VRAM Requirements for Local Deployment

It is recommended to deploy and infer the RWKV model locally using FP16 precision. When your VRAM and memory are insufficient, you can use INT8 or NF4 quantization methods to run the RWKV model, reducing VRAM and memory requirements.

Tips

In terms of response quality, models with the same parameters perform best with FP16, INT8 is comparable to FP16, and NF4 response quality is significantly lower than INT8.

Model parameters are more important than quantization.
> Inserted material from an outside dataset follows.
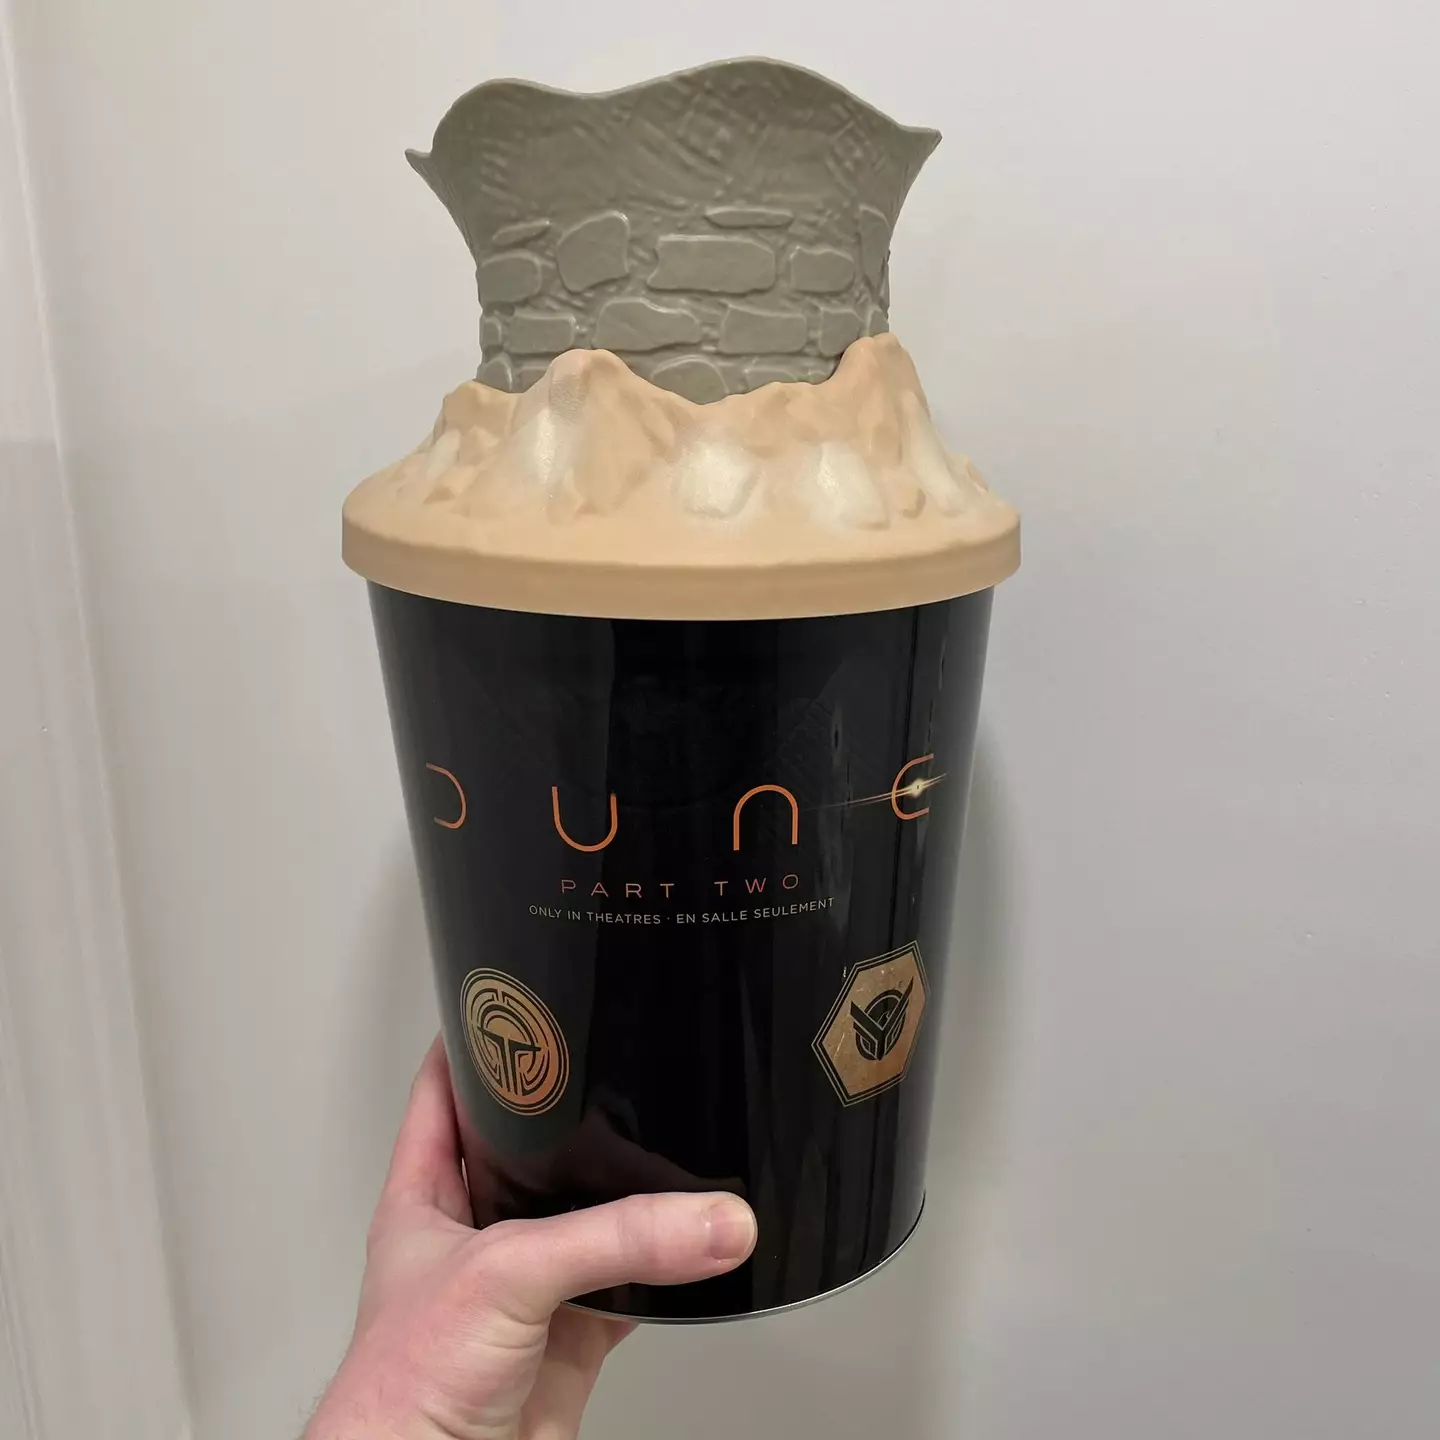 The Dune: Part Two popcorn buckets have piqued the interest of cinemagoers.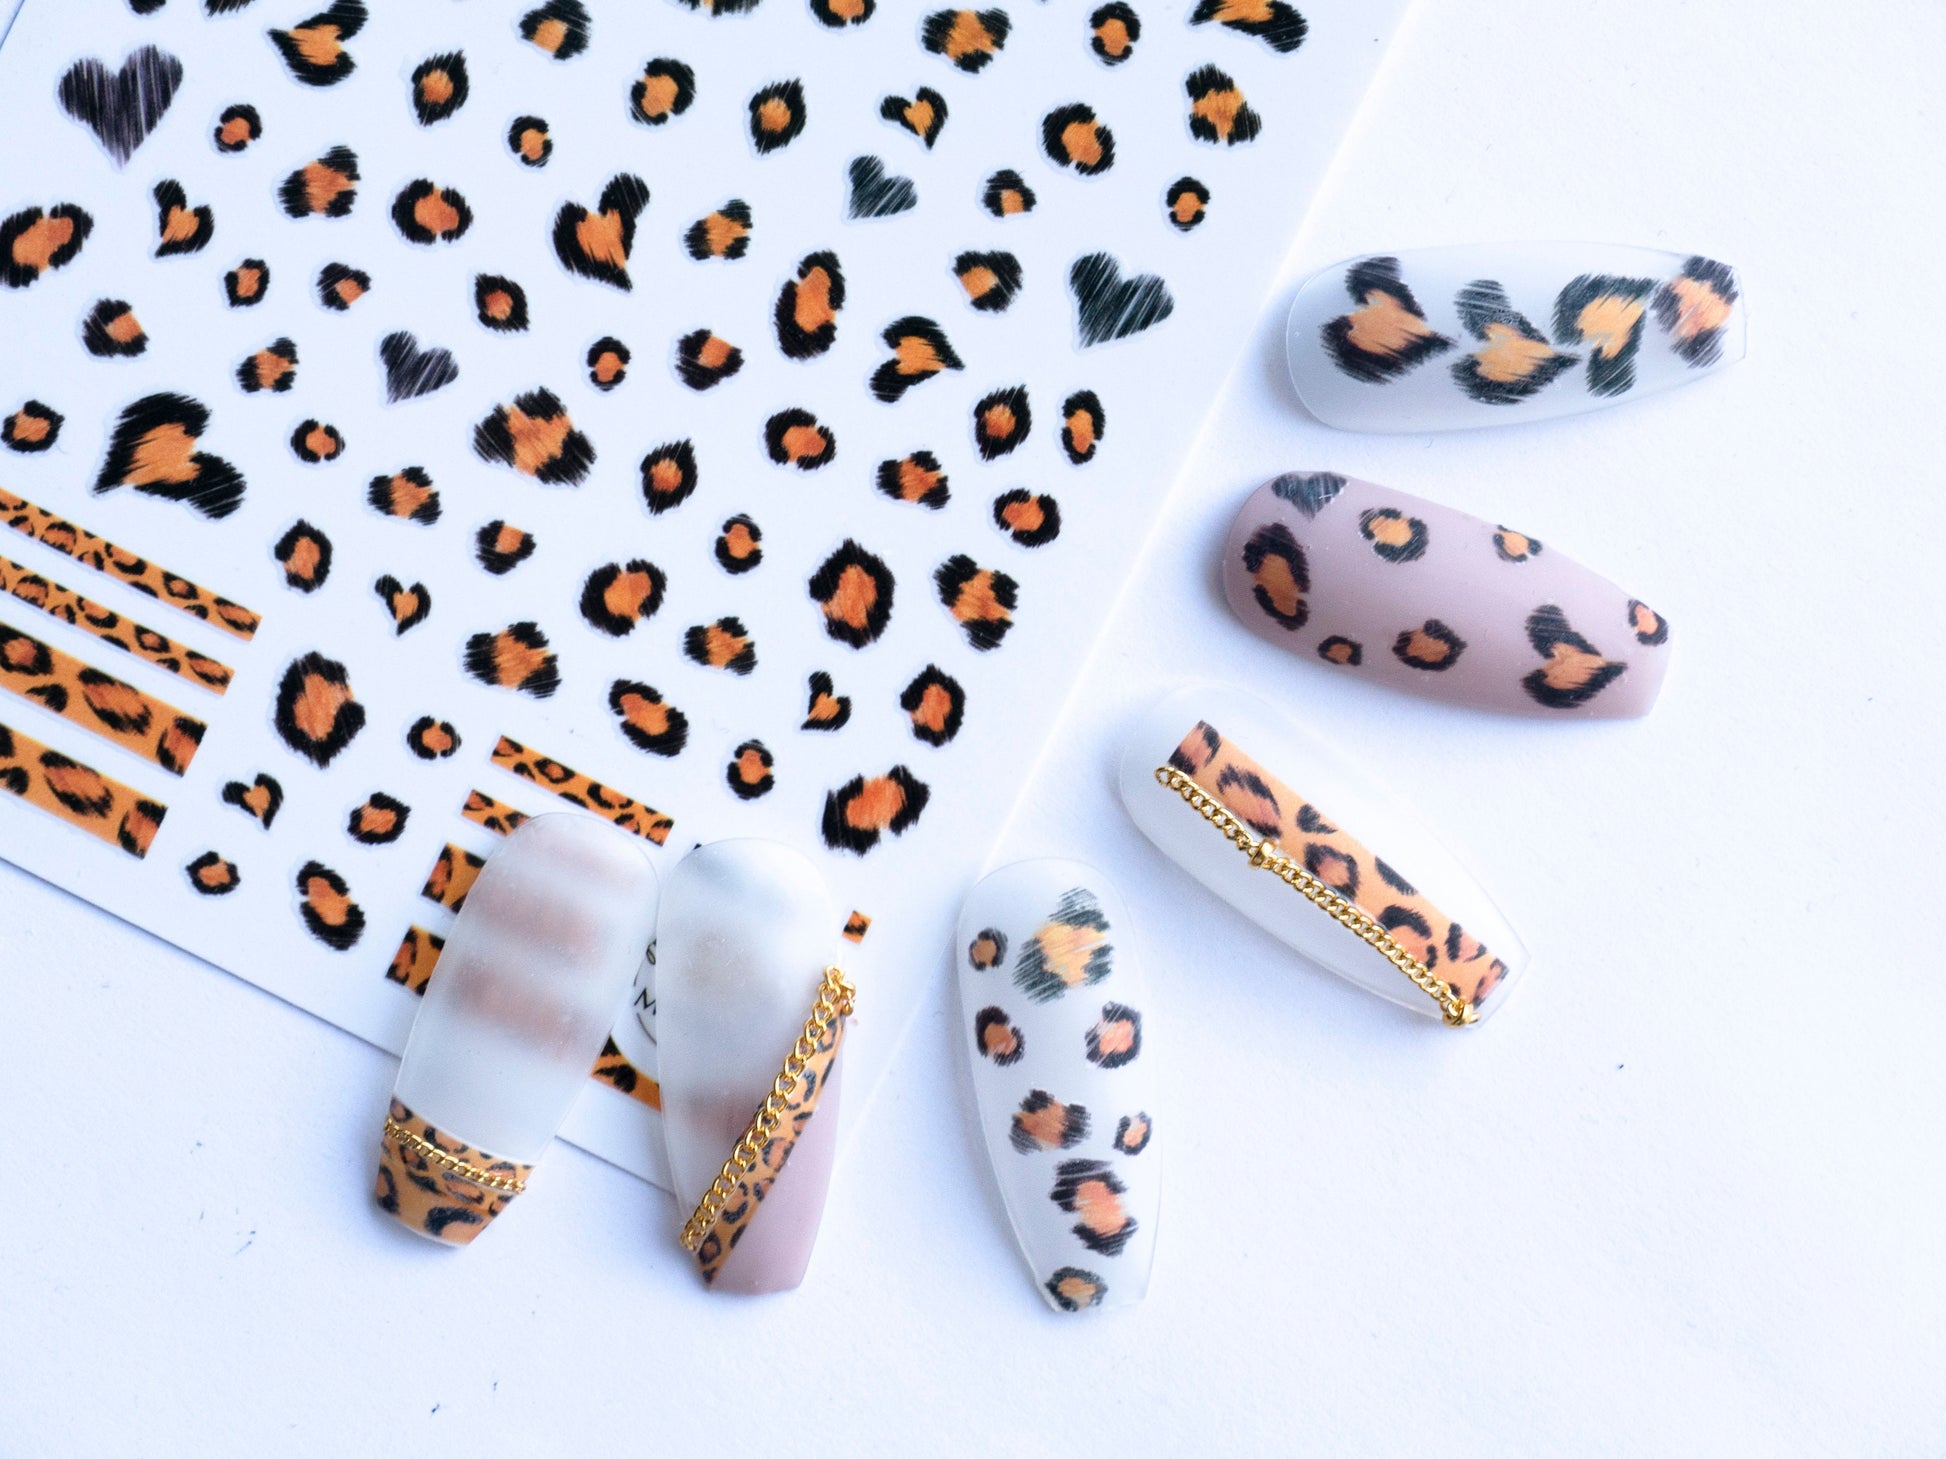 Leopard Print Nail Sticker/ Animal Pattern Self Adhesive Decals/ Brown Heart Cute Peel Off Nail Deco

For example, a 7B model with INT8 quantization generates better results than a 3B model with FP16.

Below are the VRAM requirements and generation speed for locally deploying and running the RWKV model:

Tips

Test Environment:

CPU: i7-10870H
GPU: RTX 3080 Laptop, 16GB VRAM
Memory: 32GB

VRAM Requirements

Below are the VRAM/memory requirements for different inference backends and corresponding quantization methods (default quantization for all layers):

Inference Backend	1B6 Model	3B Model	7B Model	14B Model
CPU-FP32	6.6GB Memory	12GB Memory	21GB Memory	OOM (Not Recommended)
rwkv.cpp-FP16	3.5GB Memory	7.6GB Memory	15.7GB Memory	30GB (Memory)
rwkv.cpp-Q5_1	2GB Memory	3.7GB Memory	7.2GB Memory	12.4GB (Memory)
CUDA-FP16	3.2GB VRAM	6.2GB VRAM	14.3GB VRAM	About 28.5GB VRAM
CUDA-INT8	1.9GB VRAM	3.4GB VRAM	7.7GB VRAM	15GB VRAM
webgpu-FP16	3.2GB VRAM	6.5GB VRAM	14.4GB VRAM	About 29GB VRAM
webgpu-INT8	2GB VRAM	4.4GB VRAM	8.2GB VRAM	16GB VRAM (Quantized 41 layers, 60 layers about 14.8GB)
webgpu-NF4	1.3GB VRAM	2.6GB VRAM	5.2GB VRAM	15.1GB VRAM (Quantized 41 layers, 60 layers about 10.4GB)
webgpu(python)-FP16	3GB VRAM	6.3GB VRAM	14GB VRAM	About 28GB VRAM
webgpu(python)-INT8	1.9GB VRAM	4.2GB VRAM	7.7GB VRAM	15GB VRAM (Quantized 41 layers)
webgpu(python)-NF4	1.2GB VRAM	2.5GB VRAM	4.8GB VRAM	14.3GB VRAM (Quantized 41 layers)

Generation Speed

Generation speed (unit: TPS, approximately equal to the number of words per second) for different inference backends/quantization (default quantization for all layers).

Inference Backend	1B6 Model	3B Model	7B Model	14B Model
CPU-FP32	4.36	2.3	Very Slow	OOM (Not Recommended)
rwkv.cpp-FP16	8.6	4.5	2	1
rwkv.cpp-Q5_1	14	8	3.7	2.1
CUDA-FP16	25	18	15
CUDA-INT8	22	16	18	7.4
webgpu-FP16	45	38	21	OOM, Unable to Test
webgpu-INT8	60	44	30	18
webgpu-NF4	60	47	34	20
webgpu(python)-FP16	40	29	17	OOM, Unable to Test
webgpu(python)-INT8	45	35	23	15
webgpu(python)-NF4	43	32	21	18

Info

CUDA, CPU from RWKV pip Package
rwkv.cpp from rwkv.cpp Project
webgpu from web-rwkv Project, a Rust Inference Framework Based on webgpu
webgpu(python) from web-rwkv-py, Python binding for the web-rwkv Project

The above parameters are only introductory performance references for RWKV inference. As the number of quantization layers and other configuration items change, and the architecture of the graphics card varies, the performance of the model may change.